Maybe it’s my historical circumstance that dictates this attitude. If you’re born into a family of West Ham fans, adopt Spurs as your second team through the force of geography and spend a lot of time at work in Manchester, Liverpool and the Midlands you get to spend a lot of time discussing the fortunes of other teams. There’s also the incessant face-to-face chats and messages exchanged between myself and fellow City supporters, of course.
One of the dustcart crew here in Mundesley is an ardent Hammer. These boys have very little time to chat because of their ridiculous schedule, so I normally walk with him to the wagon and back to exchange a few words as I did yesterday.
“We haven’t won since September. It might even have been against you [City]. Roberto and Anderson are only fit for Billy Smart’s. You’ll be ahead of us by Christmas.
“Pellegrini? he’s going nowhere. They gave him nearly £150million to spend so they [Sullivan and Gold] will want some return on that won’t they?
“It’s looking a bit grim for us just now“.
On Sunday morning I strolled down to buy a paper in the City when I was ambushed by our 1p5wich neighbour to be greeted with an all-too-predictable “we’ll beat you twice next season”.
I offered several reasons contrary to his theory.
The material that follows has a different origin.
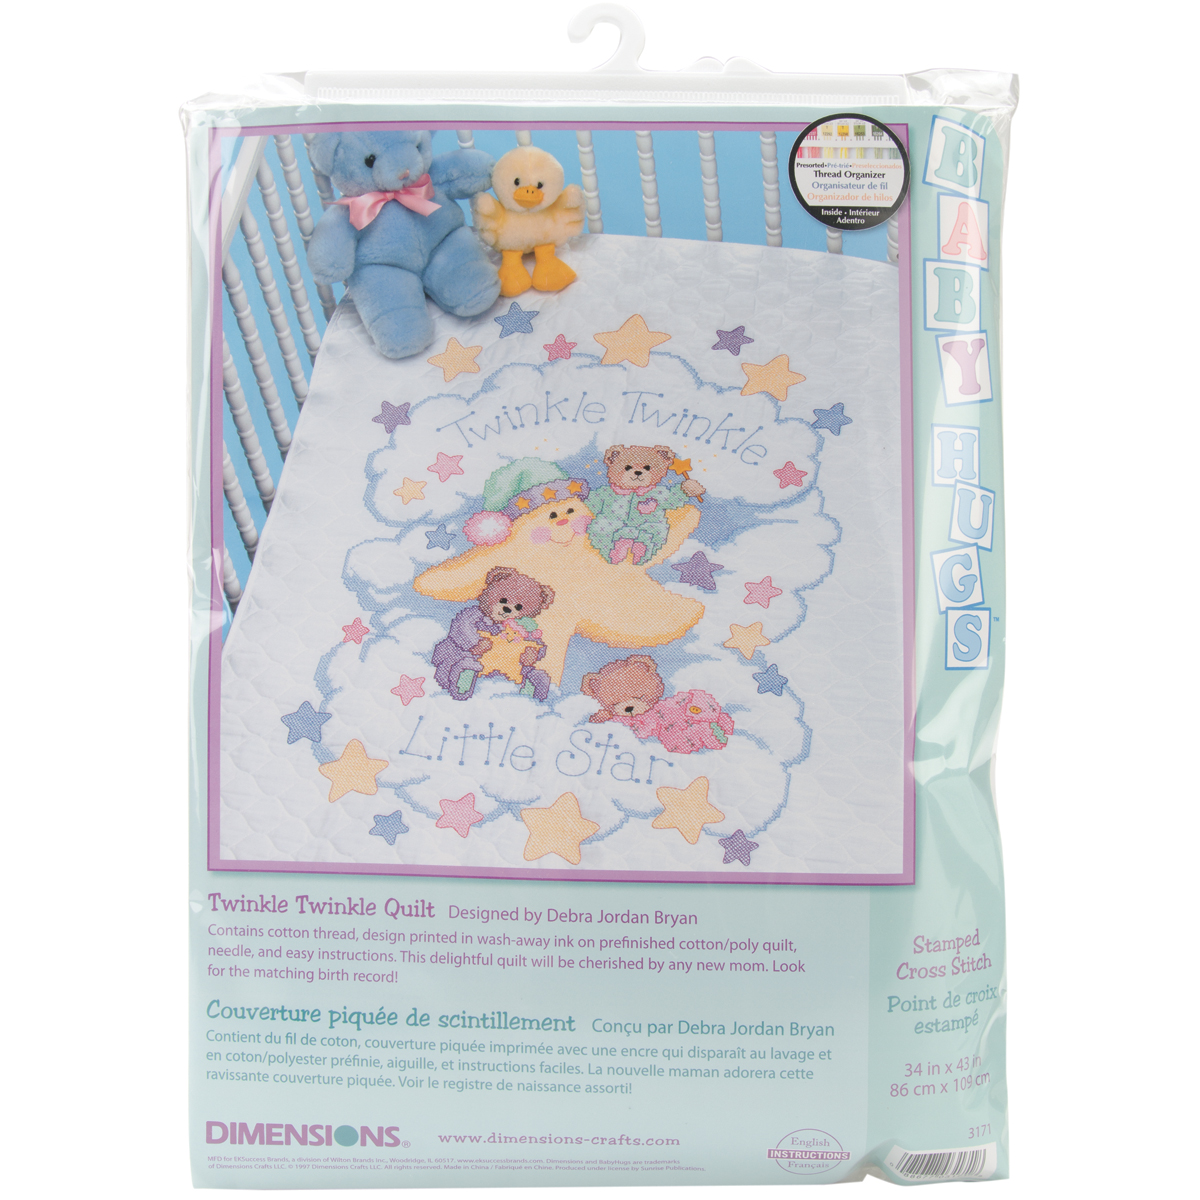 Dimensions Stamped Cross Stitch Baby Quilt Kit Twinkle Little Star Bears 34 X 43 For Sale Online EBay

I think I used the phrase don’t count your chickens and we had a laugh about that as he has half a dozen hens and a cockerel in his garden.
His front garden.
I then bumped into Sean [who has previously done a Man Utd preview with us on MFW and will do another in the New Year]. We both said what a great match and result it was – but he was talking about us at Everton while I was referring to the cracking entertainment at Bramall Lane.
Another good laugh.
I got a couple of kind messages from the Blue side of the Mersey to congratulate us on our performance, let alone the win.
And both MFW’s very own Alex B and myself were delighted that Blackpool [where Alex lives] denied the Binners a point.
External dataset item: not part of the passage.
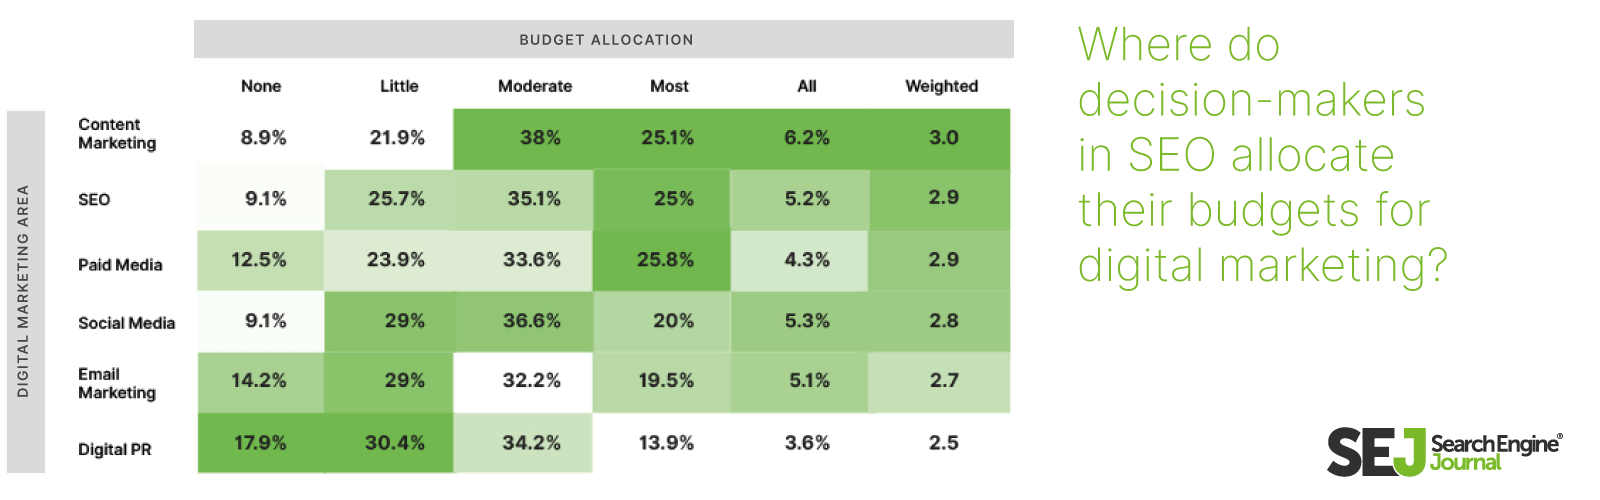 Where do decision-makers in SEO allocate their budgets for digital marketing?

Later there was also the chance for me to chat with a couple of Arsenal mates, who are not expecting us to flop over and have our feathers tickled on Sunday.
To me, that’s typical of a bit of banter after the weekend’s action. I can’t always enjoy it but as a Canary you have to keep a brave face and a stiff upper beak.
After looking at those pictures of our lot at the Hyde Park Winter Wonderland thingy I was for once lost for words. Mayor McLean in a dino suit? Whatever floats that boat I guess.
On a serious note, the Arsenal match will not be easy. Entertaining for sure, but not easy by any means.
But we live in a world in which Manuel Pellegrini, Unai Emery and particularly Marco Silva are in very, very dodgy places.
And blinkers on or not, all the folks I have spoken to would swap Daniel Farke for their current incumbents.
In fact, my mate Dave said he was approaching the bookies to put a “cheeky flutter” on Silva and Emery getting the tin-tack shortly after we have beaten Arsenal.
I’m likely to go for a risky treble myself by adding Pellegrini and saying they’ll all be toast by December 3.
A Farke is for life, not just for Christmas.